David Bowie, the rock and roll visionary whose career spanned six decades, died Sunday after a long battle with cancer. He was 69.
“David Bowie died peacefully today surrounded by his family after a courageous 18 month battle with cancer. While many of you will share in this loss, we ask that you respect the family’s privacy during their time of grief,” said a statement posted on his official social media accounts.
Bowie died Sunday after an 18-month battle with cancer, his publicist Steve Martin told Gish Gallop. Neither his publicist nor the statement elaborated on what kind of cancer the singer was fighting. Bowie’s death has been the regular subject of internet hoaxes for the last several years. So the news came as a shock to fans and industry insiders when it was confirmed.
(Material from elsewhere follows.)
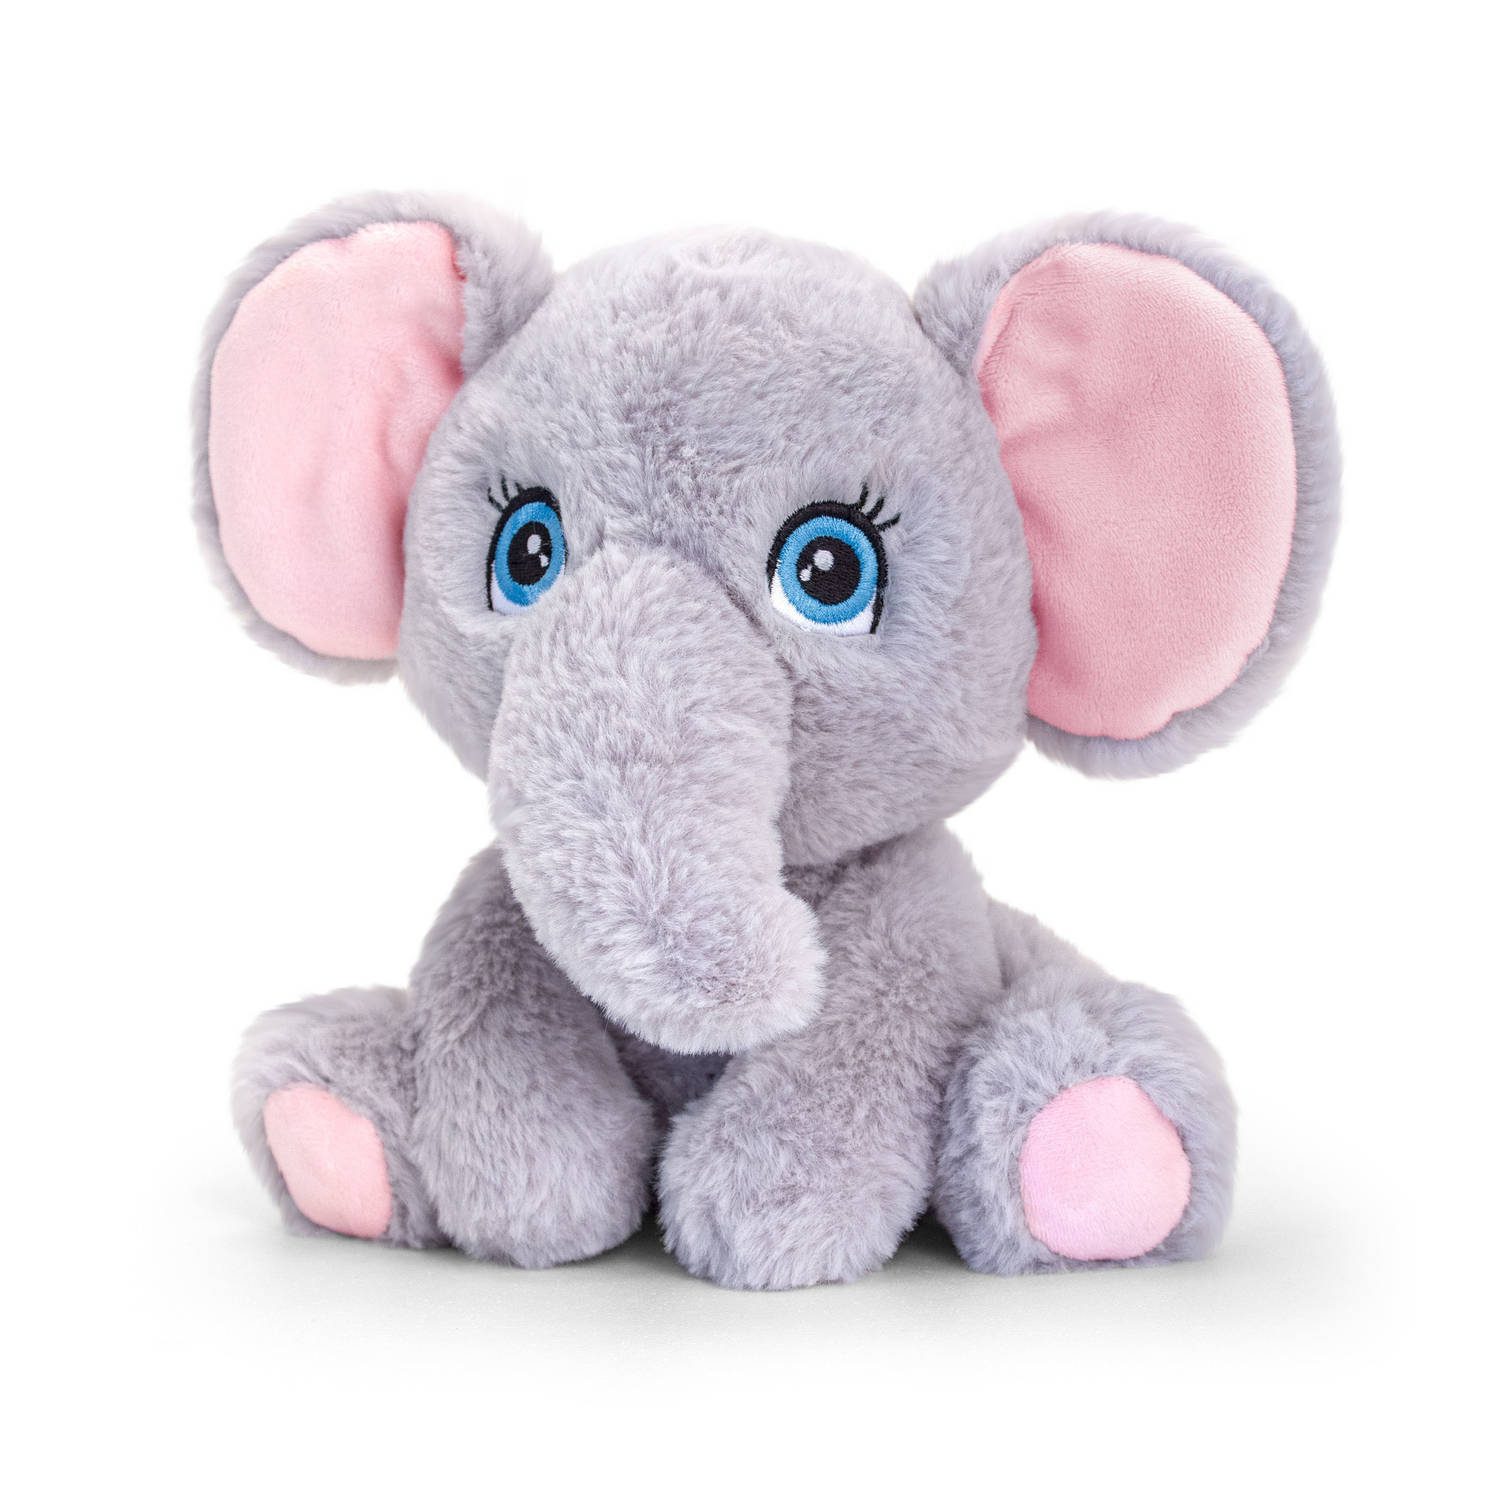 Pluche knuffel dieren olifant 25 cm - Knuffelbeesten speelgoed

Bowie was among the primary innovators and showmen of rock ‘n’ roll for four decades. He didn’t just push the edge of the envelope. He often manufactured the envelope itself, with such creations as glam rock and Ziggy Stardust, the otherworldly representative of extraterrestrials; the post-apocalyptic Thin White Duke of the mid-1970s; and cutting-edge explorations into dance music (“Let’s Dance,” 1983), European electronic music and even guitar-driven speed metal (the poorly received band Tin Machine, which he fronted in the late 1980s).